Virtual shadows are not required by Nanite: it also supports other shadowing techniques. Virtual shadowing is not practical without Nanite.

8.5 Compression

Nanite uses compressed representations for most data, and two different compressions: a directly-readable in-memory format and a more space-efficient but compute-expensive on-dick format.

In memory, the core idea is to bound the range of values per cluster and store each value with the minimum allowable bits as a bit stream, not a byte stream. For example, if a cluster’s $x$ values range from 0x38.F2 to 0x3A.3E with 8 bits of precision past the binary point, only 10 bits are needed per $x$ value. Triangle indices are stored with the smallest index in full precision and then two offsets; with 128-triangle clusters and clever ordering of vertices, this can be just 17 bits per triangle. Texture coordinates, material indices, and normals are encoded with similar bit-oriented reasoning.

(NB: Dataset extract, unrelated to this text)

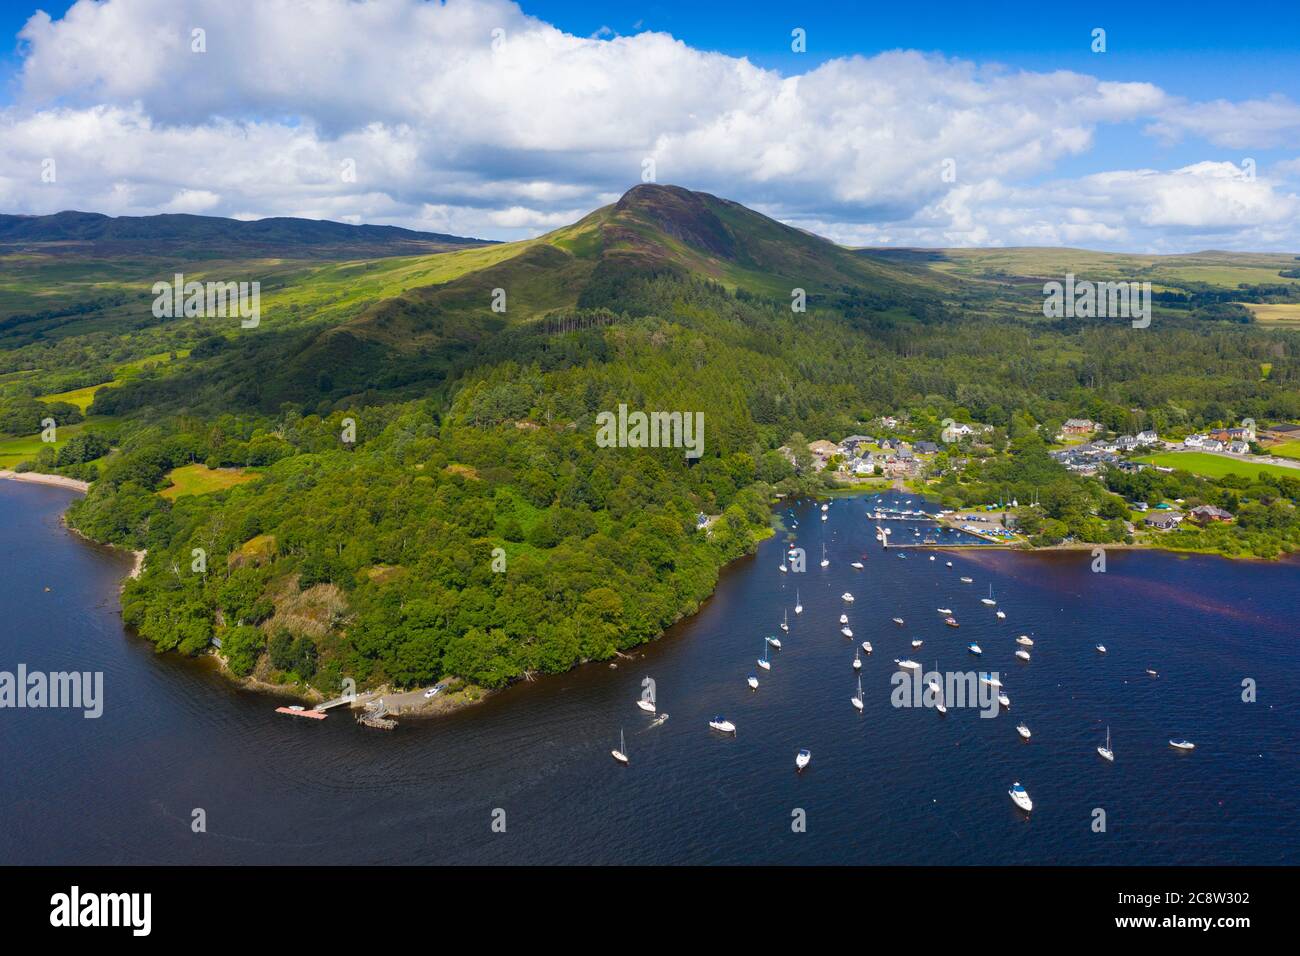 Vue aérienne du village de Balmaha et de Conic Hill sur les rives du Loch Lomond dans le Loch Lomond et du parc national des Trossachs, Écosse, Royaume-Uni Banque D'Images

On disk, existing LZ compression is used. These are byte-based, so the bit-oriented approaches of the in-memory design are not a good fit. The space saving gained by LZ compression is roughly proportional to the skew of the byte distribution: if all 256 byte values are equally common LZ doesn’t save space while if 95% of bytes are one of a dozen specific values it can achieve order-of-magnitude compression. Hardware LZ compression works in windows, so ordering data to have similar bytes nearby in memory is a win. Nanite has several tricks for transforming cluster data in ways that increase the likelihood of LZ compression being happy with the results and active work to improve this further.